Step 1: Understanding the Question:
The first paragraph is a plea for a speed-breaker because school children cross a dangerous intersection. The second paragraph gives survey numbers on how students actually reach school. We must work out how these numbers relate to the original plea.
Step 2: Key Idea:
The original argument assumes children walk across the intersection and face traffic there. If the numbers show almost no student walks, the data works against that assumption instead of supporting it.
Step 3: Detailed Explanation:
Add the percentages given: 10% travel by car with parents, 20% by auto-rickshaw, 20% by taxi, 40% by school bus, and 10% live in the hostel inside the school. These five figures add up to 100%.
Since every student is accounted for by a car, auto-rickshaw, taxi, bus, or by living on campus, none are shown crossing the intersection on foot at all.
This undercuts the original worry about children walking across a dangerous crossing, so the new paragraph works against, not for, the earlier plea. Because it uses percentages to make that case, the method is statistical.
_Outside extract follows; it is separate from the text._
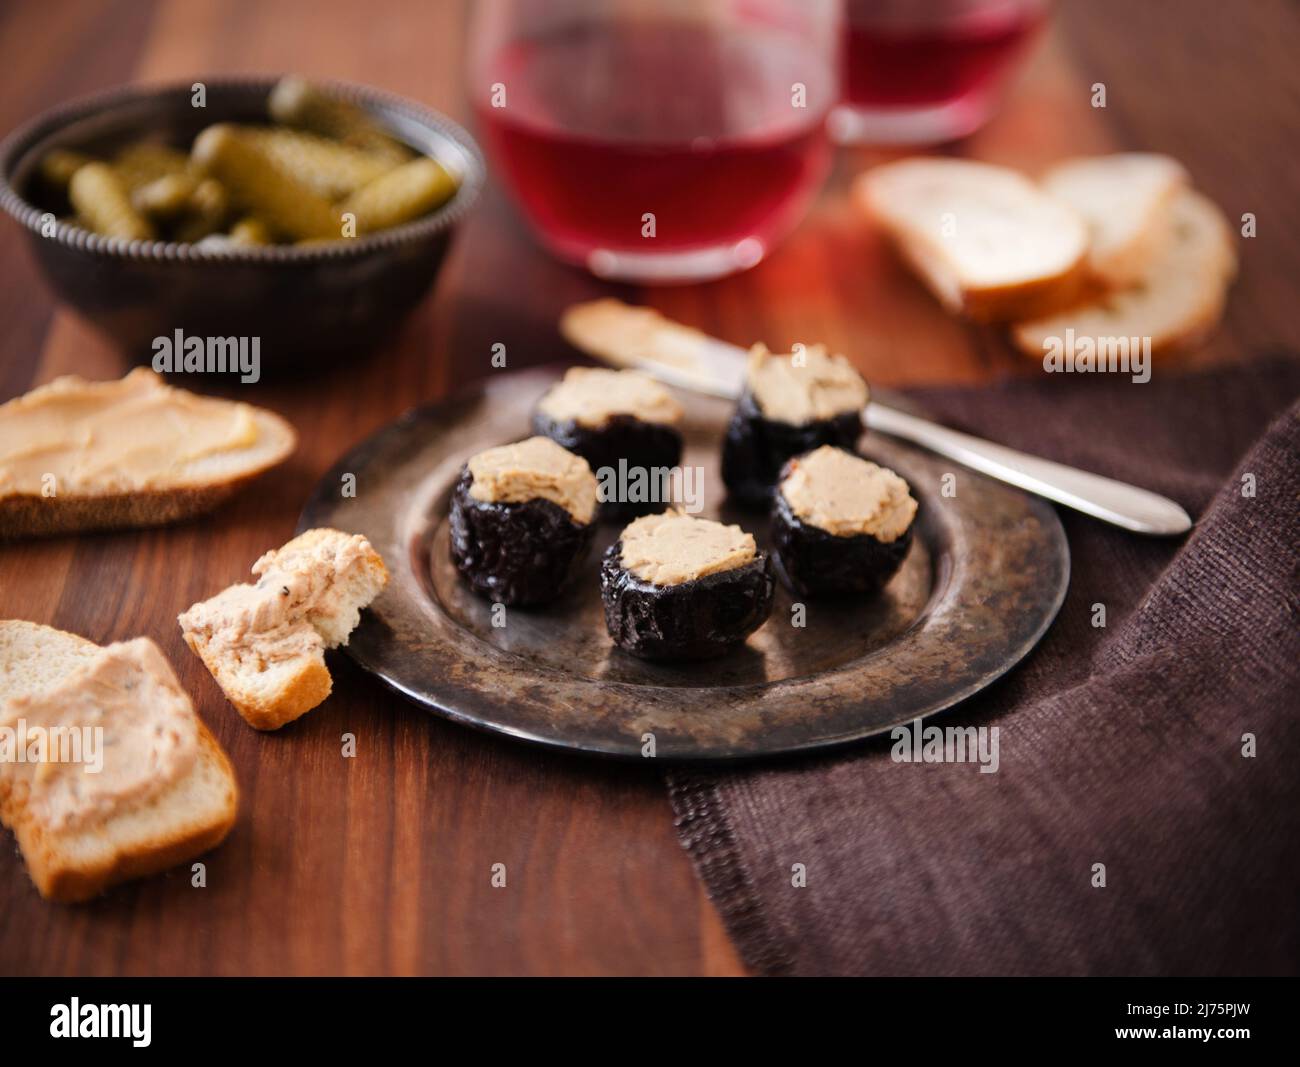 Prunes Stuffed with Foie Gras on a Metal Dish; Bread and Foie Gras; Pickles; Wine Stock Photo

Option (AA) is wrong because no comparison, or analogy, is drawn anywhere in the survey paragraph. Option (BB) is wrong because the data argues against the claim, not for it, so it cannot "extend" it. Option (CC) is wrong because the numbers point to an opposite picture, children mostly travel by vehicle, not on foot, rather than matching the original claim.
Step 4: Final Answer:
The paragraph contradicts the speaker's argument using statistical data, matching option (DD).